Dealer jailed for importing cattle infected with FMD

A livestock dealer who imported sheep infected with foot- and-mouth disease last year has been jailed for three months.

A livestock dealer who imported sheep infected with foot- and-mouth disease last year has been jailed for three months.

At Dublin District Court, Judge Gerard Haughton said the consequences of John Walsh's actions had "devastated" tourism and agriculture. "The entire country is well aware as to what occurred and will be paying for it for a very considerable period of time," he said.

Walsh (51), with addresses at Warwick Square, Carlisle, England and Longford House, Clareen, Co Offaly, pleaded guilty to two charges of importing 279 animals without veterinary certificates and two charges of importing without notifying the Department of Agriculture, contrary to European Union regulations. He was sentenced to three months on each charge, to run concurrently. He had already spent almost seven months in custody awaiting trial.

Det Sgt John Colgan of the National Bureau of Criminal Investigation read from two statements in which Walsh described how he began buying the sheep at marts near Carlisle on February 14th last year and tried to send a herd of 215 by boat from Stranraer to Belfast using a veterinary cert issued to him the previous week for a different herd of 170.

READ MORE

When the shipment was stopped, he took them back, bought more sheep, hired a different lorry and driver and got a fresh certificate for 291 animals but left Britain on February 18th with 393.

About 70 animals were dropped at a field near Newry on the 19th and the rest were taken to a holding in Meigh, Co Armagh, where their identity tags were removed. It was here, the court heard, that the first foot-and-mouth outbreak on the island was confirmed nine days later.

Walsh brought 10 animals across the Border to a holding near Enfield, Co Meath, and 21 to Irish Country Meats in Navan, where he delivered them under a false name.

Two others died and 248, the bulk of the remainder, were taken early on February 20th to the Kepak factory at Athleague, Co Roscommon, where Walsh was known by a security guard who signed him in under the name of another farmer, an innocent party.

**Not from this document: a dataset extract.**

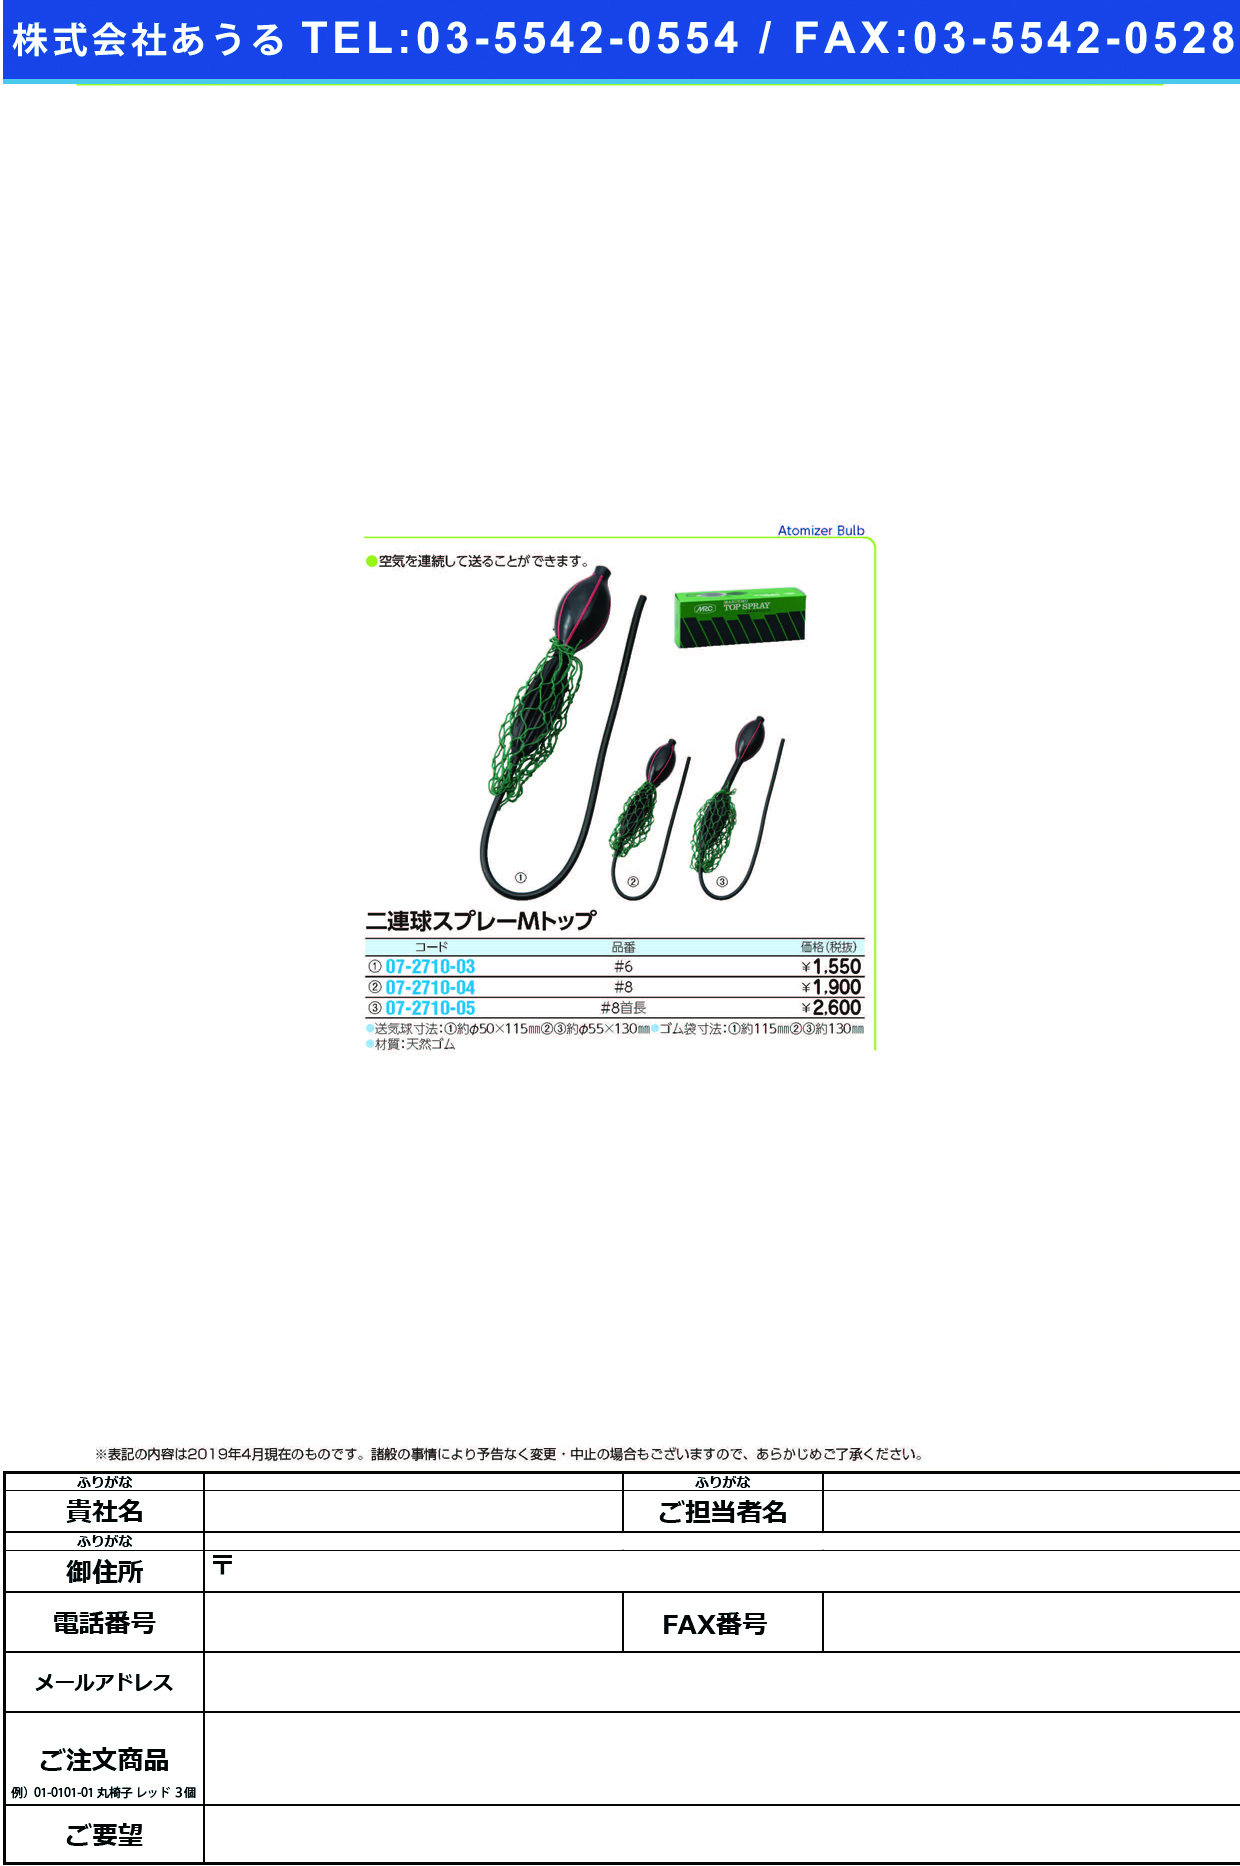 (07-2710-05)二連球スプレー(Mトップ) #8(クビナガ) ニレンキュウ【1個単位】【2019年カタログ商品】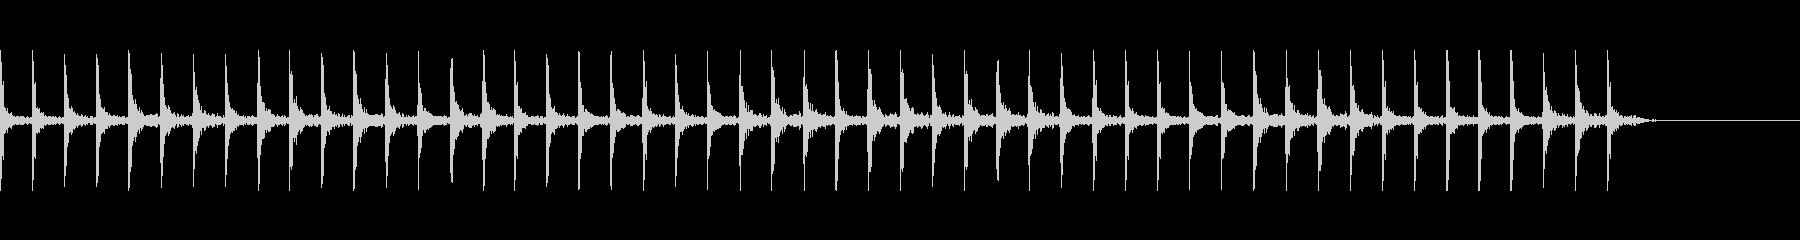 ペチペチ・こんこん・・・(一定間隔)の未再生の波形

He also gave a false registration for the lorry made of mixed-up numbers from his own lorry and jeep so as not to draw attention to the Northern registration.

He got four cheques totalling £13,097.37p from Kepak in the innocent farmer's name and he took the cheques to the AIB bank in Roscommon where there was an arrangement whereby he could exchange them for a sterling draft without showing any identification if he went to a particular counter and used a special number given to him at the factory.

He said the reason for passing the sheep off as Irish was because French and Italian markets did not want British sheep. He could obtain payment from the factories for the sheep plus a VAT rebate of between 4.2 and 4.5 per cent by using the name of a "flat rate" farmer, a legitimate farmer who was not registered for VAT.

Det Sgt Colgan said factories did "not seem to be fussy" when it came to verifying names.

Mr Graham Quinn, defending, said his client had acted out of desperation after his cattle herd was wiped out by brucellosis in 1990 and he was denied compensation because his paperwork was not in order.

Judge Haughton said the experience should have made him more alert to the dangers of disease in livestock. Instead he had "disregarded all the precautions" for "one reason only, to make money" and had used "every devise possible to cover his trail".

Walsh was given leave to appeal. He is also facing proceedings by the Criminal Assets Bureau.